**To do**. Only one span is wanted from the lines below: from the one with "Marlon Brando, Actor. Omaha, NE." up to and including the one with "Tesla : la model". Copy it exactly, without images.

==== Records to process ====

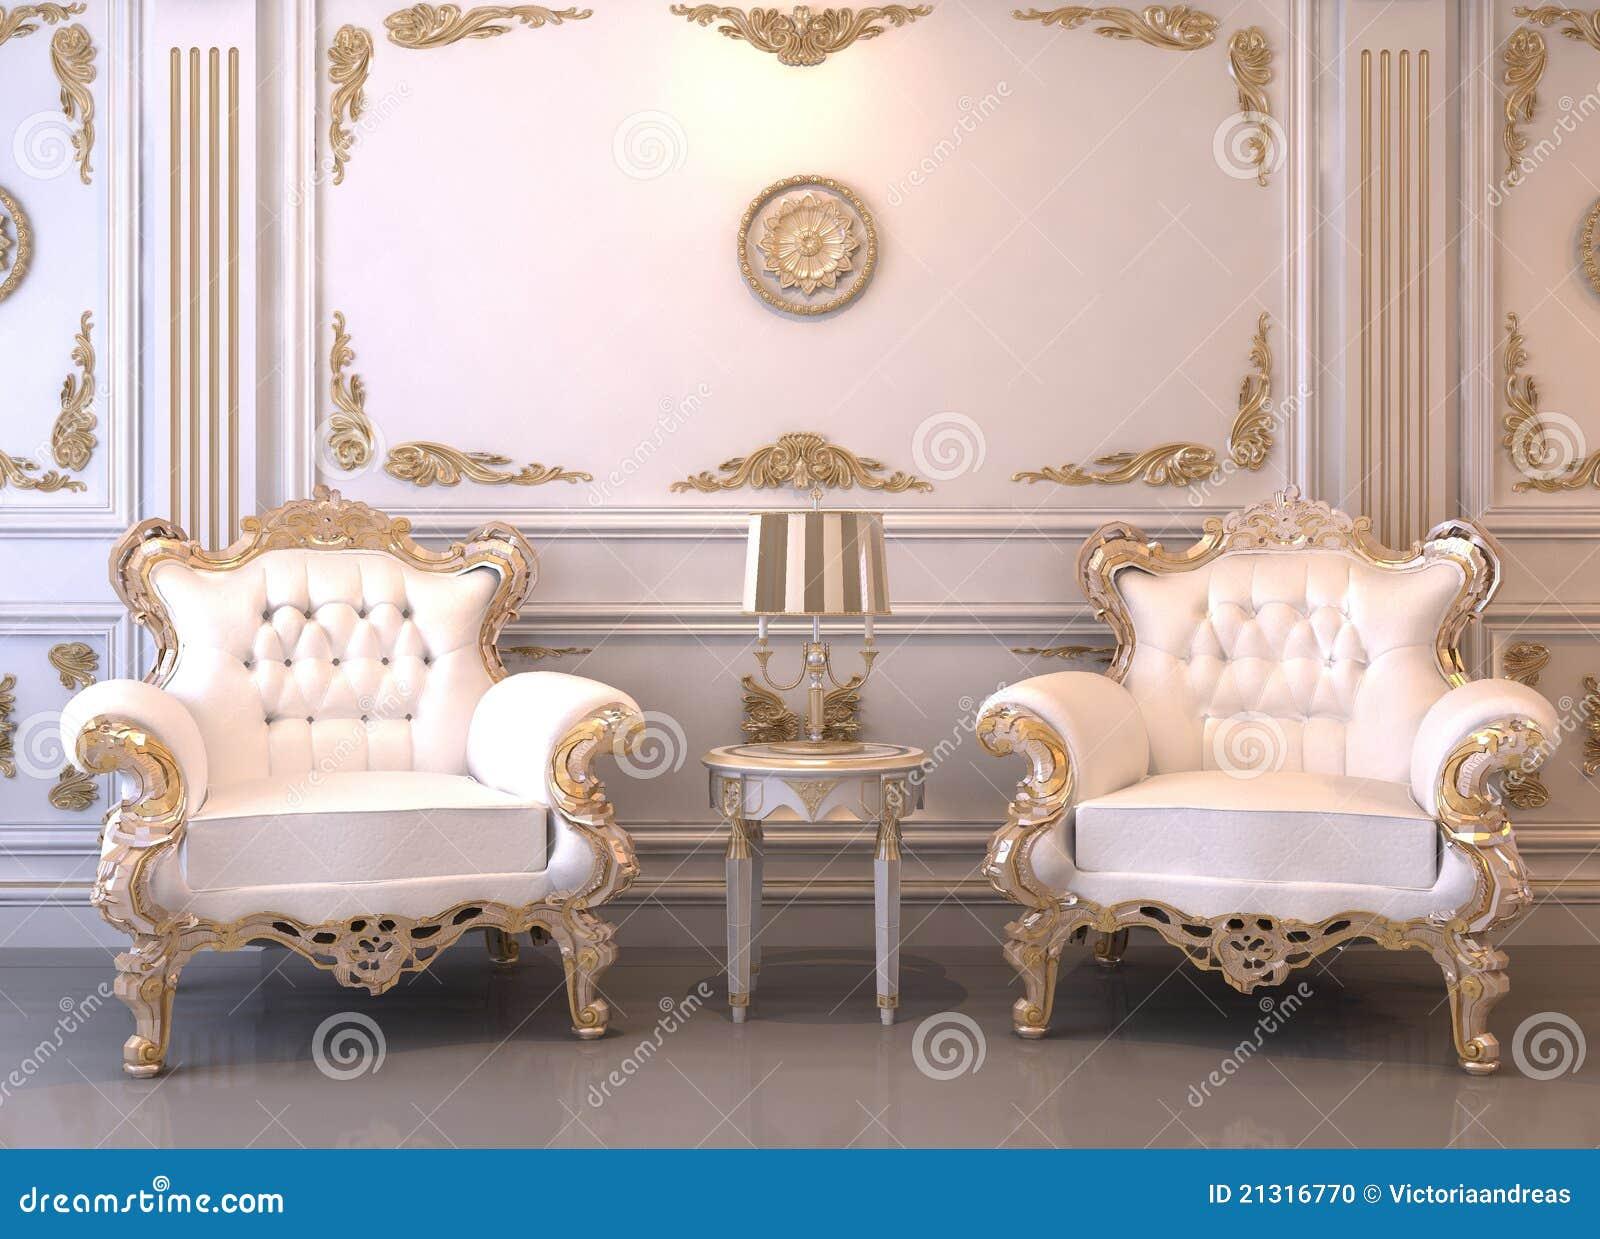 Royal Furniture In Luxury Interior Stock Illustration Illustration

====
==== Records to process ====

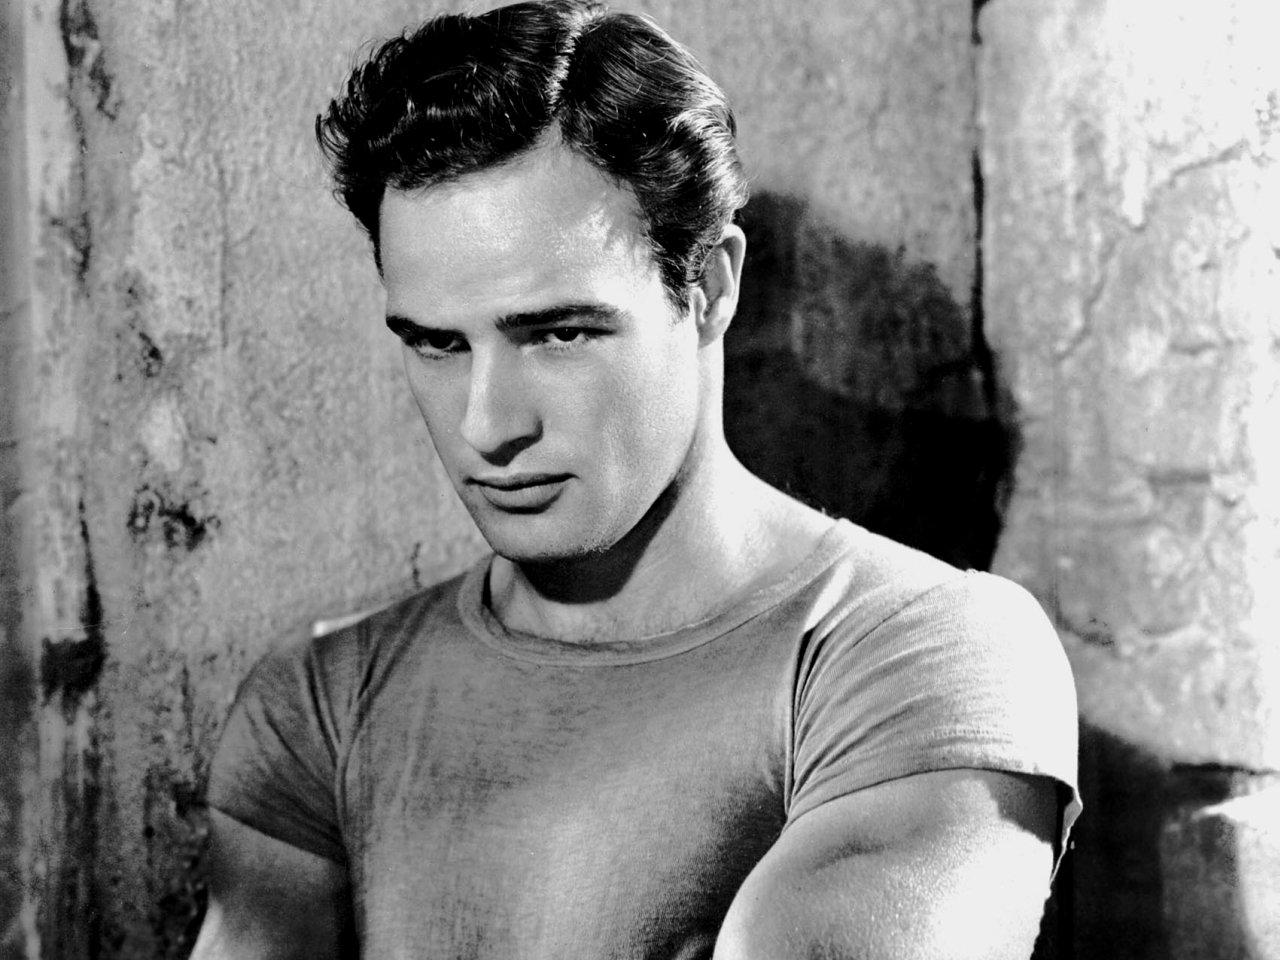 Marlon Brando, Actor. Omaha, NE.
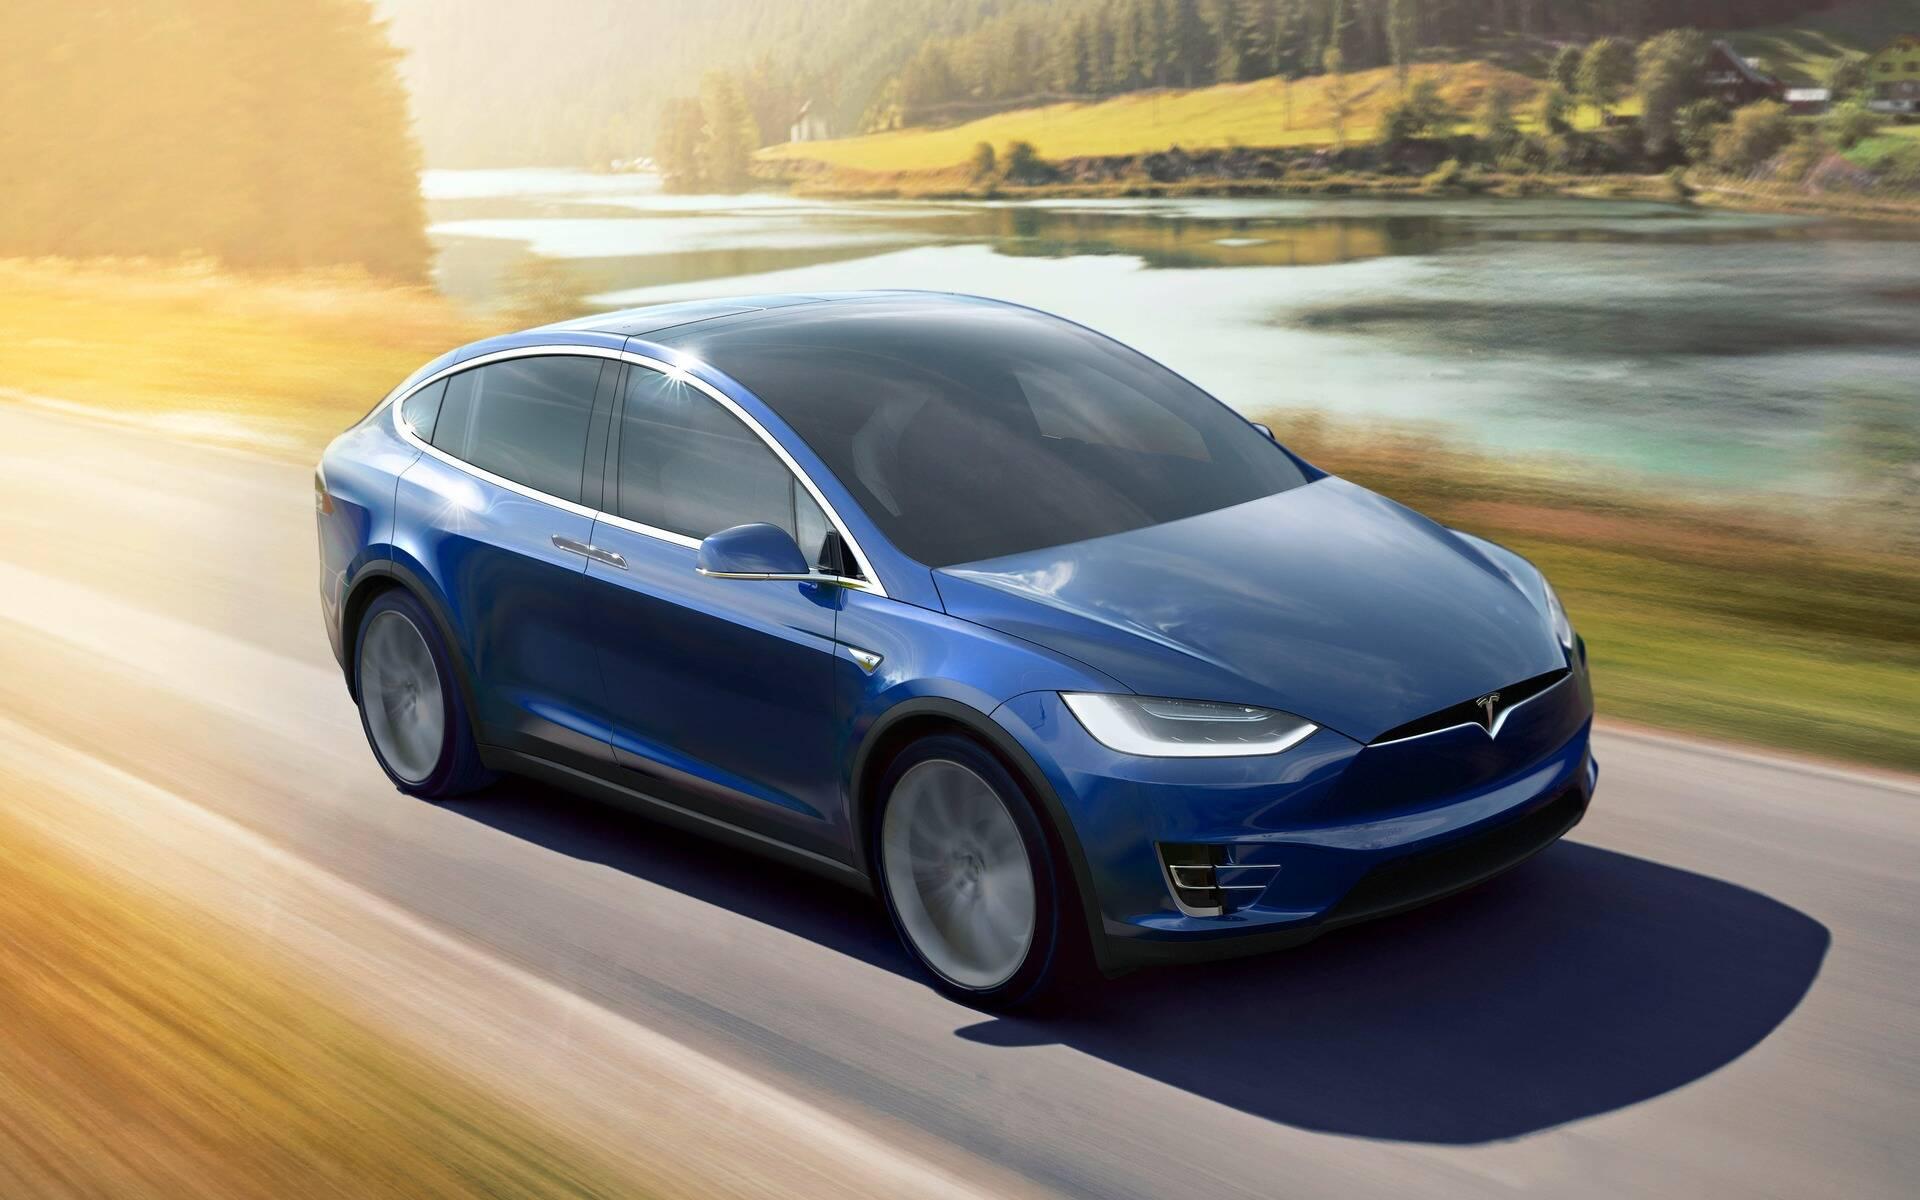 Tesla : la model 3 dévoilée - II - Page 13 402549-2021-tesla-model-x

====

**Written solution**.
 Marlon Brando, Actor. Omaha, NE.
 Tesla : la model 3 dévoilée - II - Page 13 402549-2021-tesla-model-x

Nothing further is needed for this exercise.